Wednesday’s Los Angeles Times had a typical sob story presentation, highlighting a Mexican mother filled with “sadness” because of her decision to self-deport.

Another front-page item (see photo below) noted that Mexican Mom had to “flee anti-immigrant fervor and job scarcity.”

There certainly isn’t much “anti-immigrant fervor” in California where she, the boyfriend and her five kids lived: Governor Jerry Brown has made the whole state a sanctuary zone for illegal aliens. But the fear of Trump is strong among the guilty!

Typical of the sob story genre, there are lots of emotional images in the writing — “alone but for a pig,” “isolation hit her” and “she broke down in tears.” But the whole gaggle’s cost for taxpayers and the issue of basic lawbreaking don’t come up.

‘It’s so hard right now’: For a mother who self-deported to Mexico, days of feeling lost, Los Angeles Times, February 7, 2018

Maria Barrancas stood in the backyard of her mother-in-law’s home, alone but for a pig and some hens.

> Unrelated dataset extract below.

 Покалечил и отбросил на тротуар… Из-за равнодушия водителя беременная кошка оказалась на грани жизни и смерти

It had been about a week since she packed up her life in Gardena and left for Mexico with her partner and their two children.

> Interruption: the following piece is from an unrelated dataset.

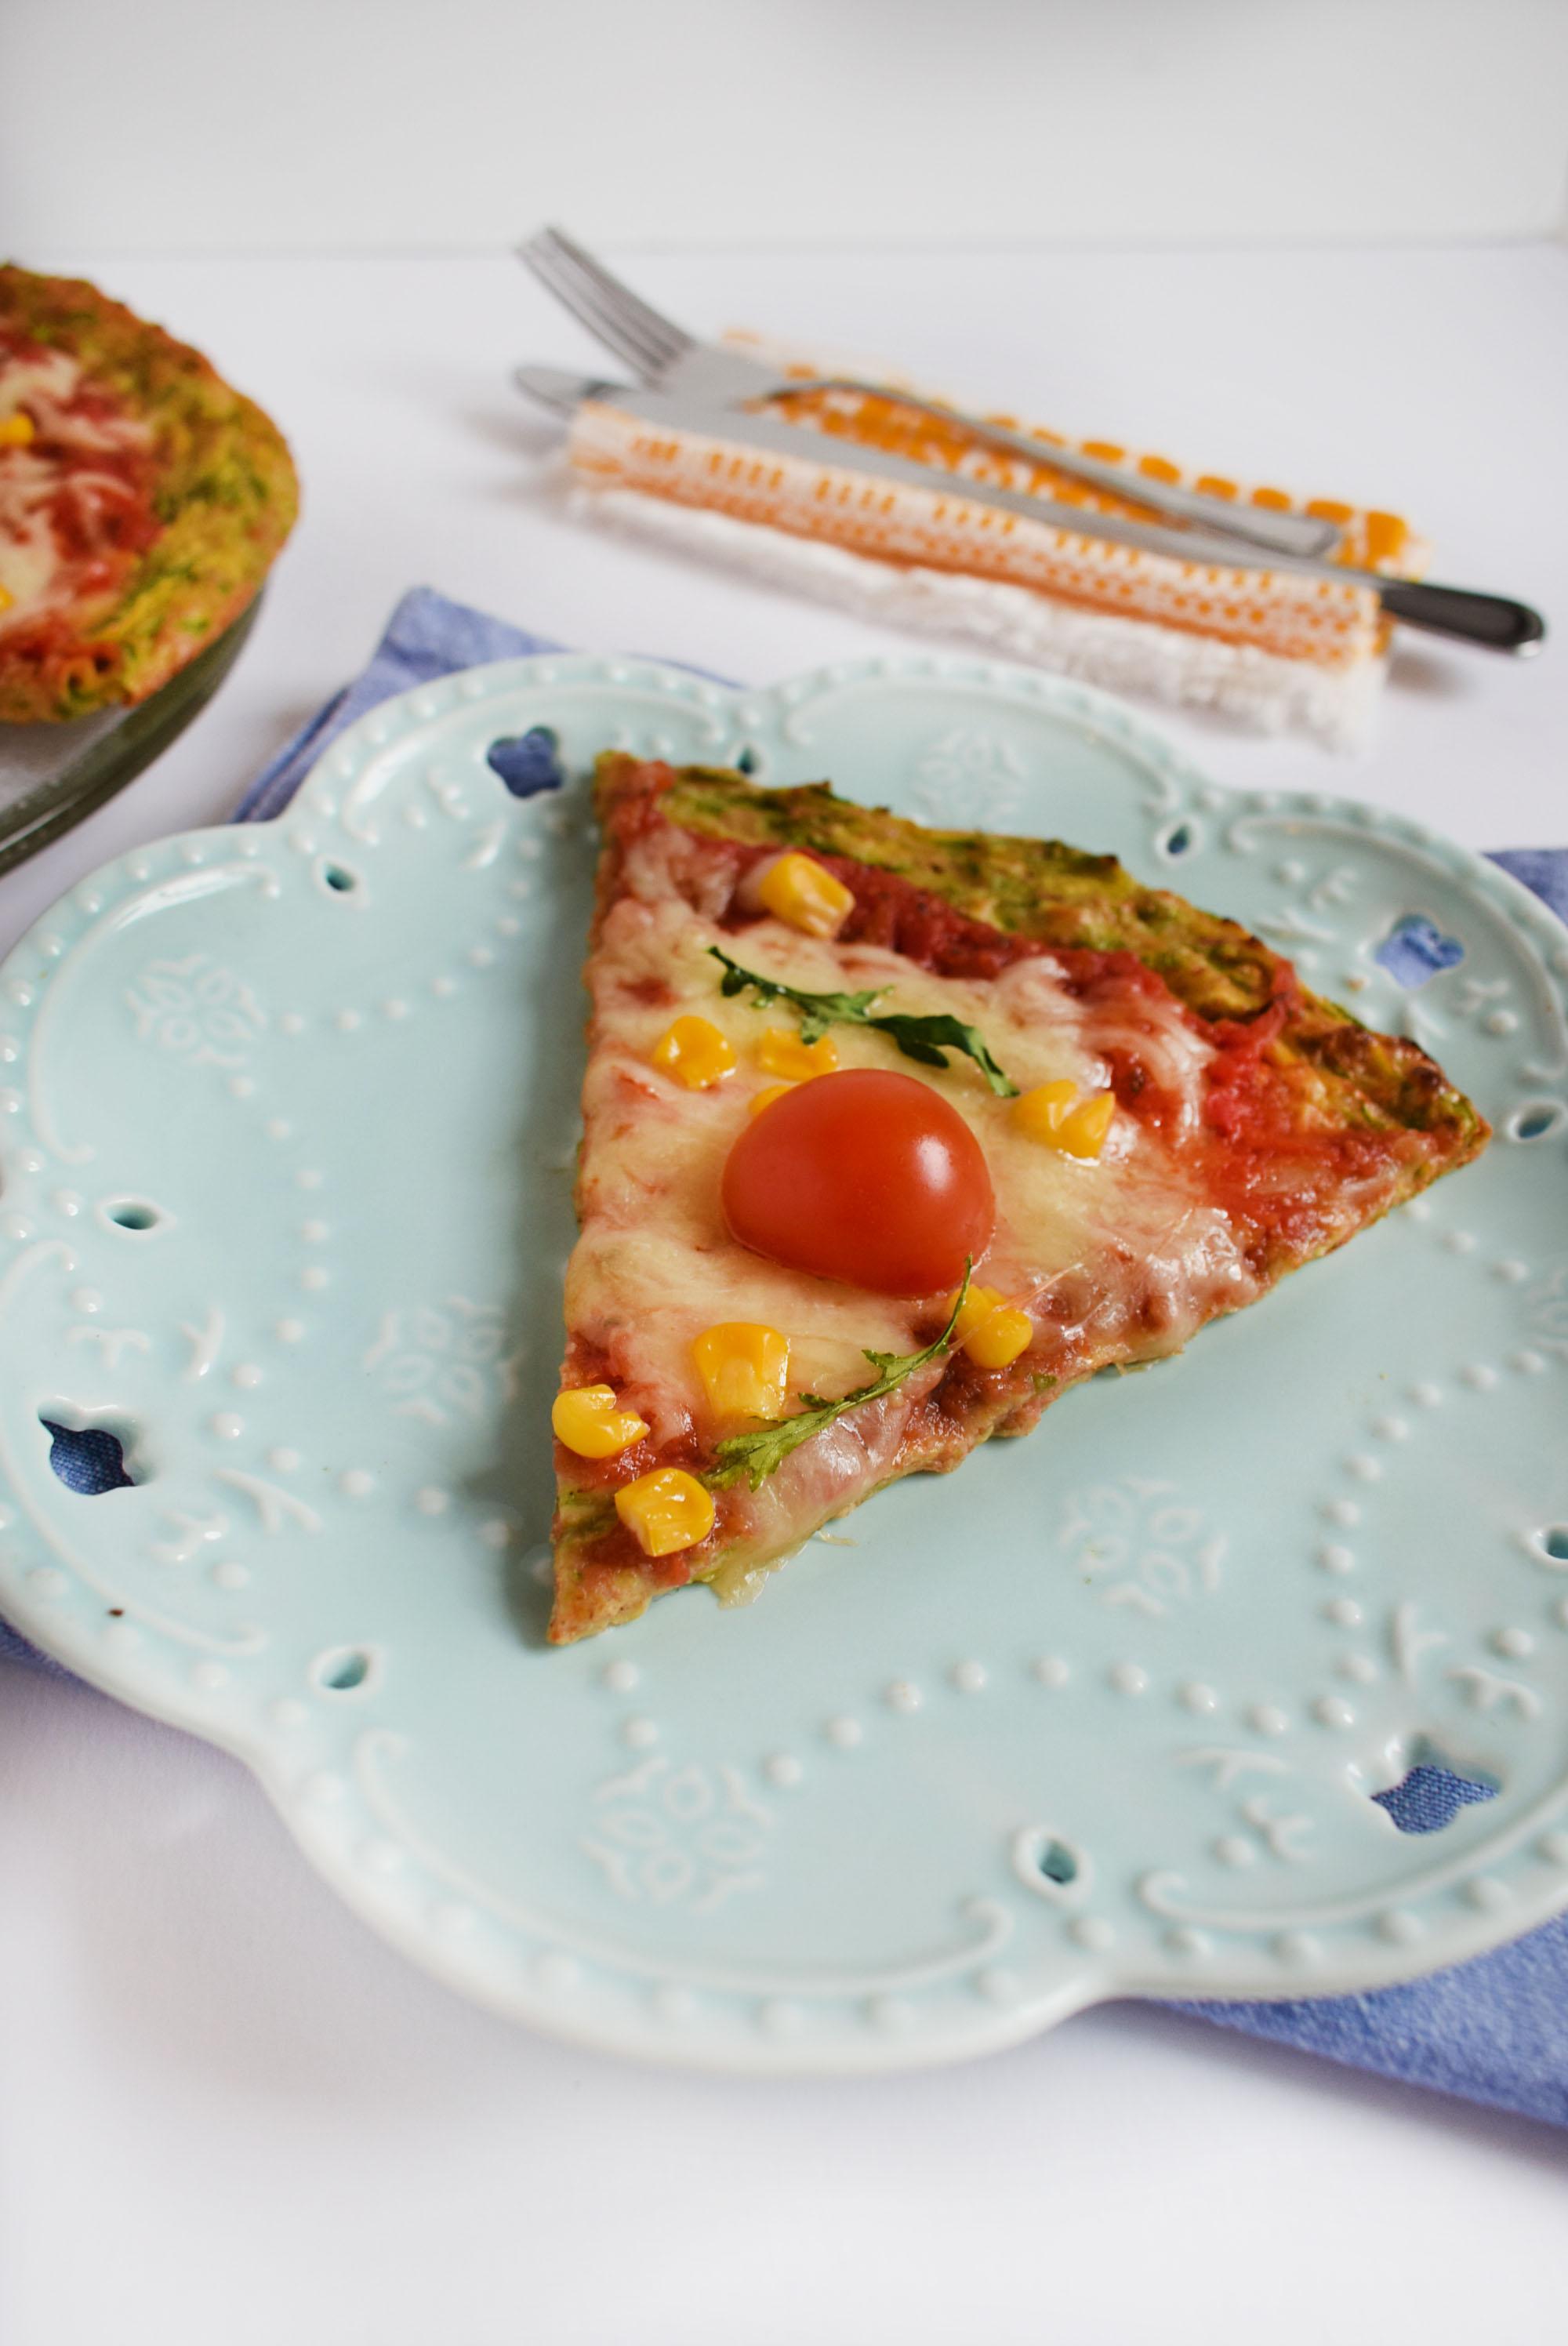 pizza cu crusta de dovlecei 8 - foodieopedia

There, in the small, dusty Sinaloa town of El Aguaje, the isolation hit her. Her three older children were still in California. She was in a country she hardly remembered, having left for the U.S. 32 years ago at age 15.

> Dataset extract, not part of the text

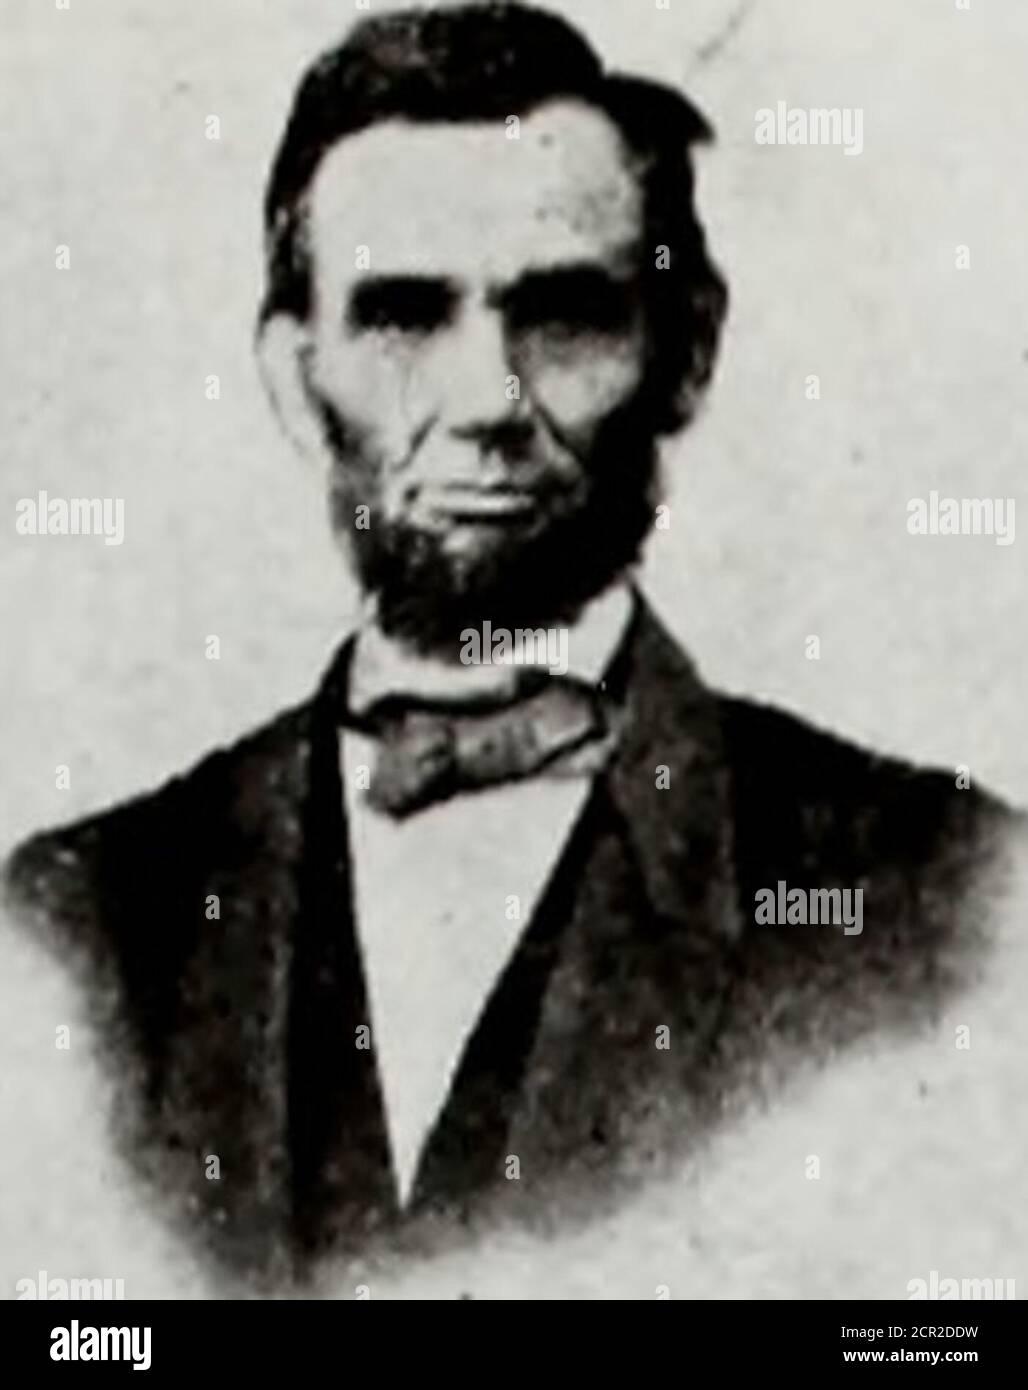 """. El asesinato de Abraham Lincoln . V t yl> nuevos trajes de vestir de otoño, $S a $25 cada II. TI.iT.i« >;lc hii.l ..Ai, fin.- Frrnrh v. I(r""""...),. """"ll. «"""",   """""""" """","""" ,"""" M,"""" 1,  .l""""o.. Ragnning New Ragdolls, 25c a $L00 k • Il lleno ••WF -tln vil 1 i>-li.;« jtrA.Ifvir iraniiriit-. M.mi.- I . .l!-<.<. LfNcaN Funeral Car>. J-OUVENIR 42ND National Encampment / Foto de stock"""

She broke down in tears but wiped them away before walking inside to her family. She didn’t want them to see that she was afraid.

Back in their two-bedroom apartment in Gardena, Barrancas and Ricardo Madrigal had dreamed of one day owning a home nearby. They made money buying and selling used cars. Every other day, Barrancas would see her then-21-year-old daughter, Cynthia, and granddaughter Hailee, who lived five minutes away.

But all that felt stable came unmoored when Donald Trump was elected president. Barrancas watched as Trump said he did not want people like her and Madrigal in a country he boasted he’d make great again, in part, by getting rid of them.

The couple were in the country illegally. Jobs already felt hard to come by, and the anti-immigrant climate added to their stress.

They decided to leave in August, heading for a border they had long avoided — a process some refer to as “self-deporting.”

In Tijuana, their daughter, Luz, then 6, clung to them, sobbing to go back. Barrancas held her tight and told her everything would be OK.

“We’re starting a new life today,” she said.

The family stopped briefly in El Aguaje before driving six hours to Tlaquepaque, in the Mexican state of Jalisco. They had chosen to move there because it felt safer than Sinaloa — where they were both born — and because Madrigal’s sister lived there.